Purpose: To evaluate the stability of radiomics features using 4D-CT as an alternative to test-retest CT-scans, and the agreement/consistency across radiomics platforms, different sites, and contouring variations.
Methods: 4D-CT images with 10 breathing phases were acquired for 10 patients with lung tumors and 10 patients with liver tumors. For each patient, two contours (GTV and GTV-1mm) were delineated on each breathing phase. GTV-1mm was generated by subtracting a 1mm inner margin from GTV to investigate the impact of contouring variation. 42 common radiomics features were extracted using three open-source radiomics platforms. The coefficient of variation (COV) of each feature was calculated from all phases to evaluate test-retest stability. The concordance correlation coefficient (CCC) and the intraclass correlation coefficient (ICC) of each feature were calculated to evaluate the agreement/consistency of the three radiomics platforms, lung and liver tumors, and different contours.

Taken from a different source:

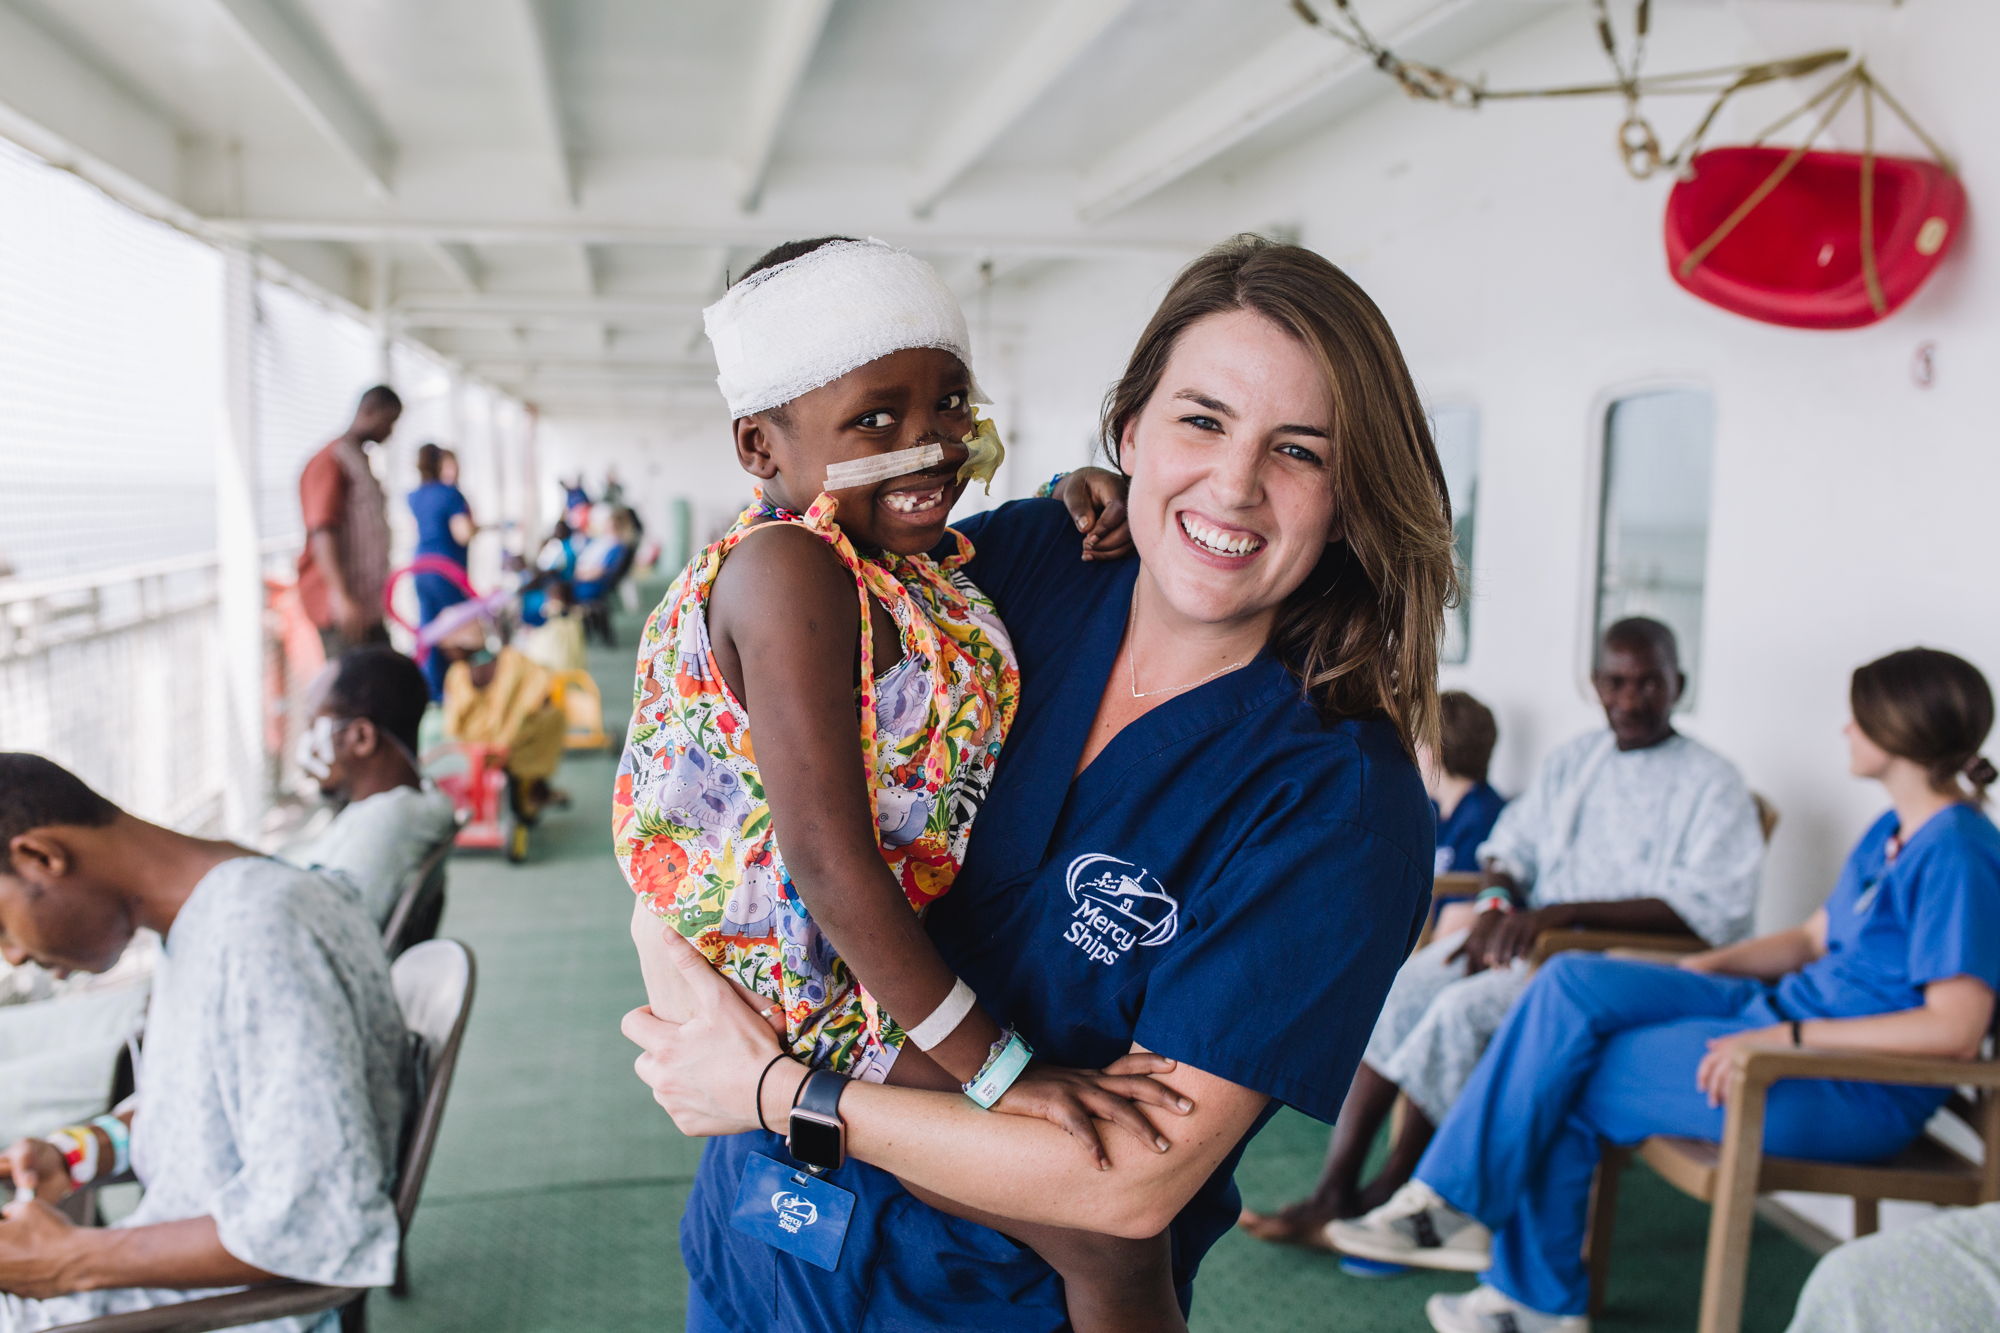 Alle Mitarbeiter an Bord arbeiten ehrenamtlich und kümmern sich mit Herzblut um die kleinen und großen Patienten an Bord. © Mercy Ships

Results: The features are more stable in test-retest for liver tumors than lung tumors. 40 features out of 42 have a mean COV less than 0.5 for liver tumors on all three platforms, while only 26 features have a mean COV less than 0.5 for lung tumors on all three platforms. The three platforms concord (CCC>0.8) on 7 features for lung tumors, and 9 features for liver tumors, taking contouring variations into account. Regarding contouring variation, 21 features concord (CCC>0.8) on all three platforms for lung tumors, while 26 features concord on all three platforms for liver tumors.
Conclusion: The results show that the stability of radiomics features can be evaluated using 4D-CT as an alternative to test-retest CT-scans. The stability evaluation depends on the platforms, contouring accuracy and disease site. Overall, we are able to identify stable radiomics features in test-retest and across platforms and contouring variations, which may have potential to be used for radiomics-guided clinical studies.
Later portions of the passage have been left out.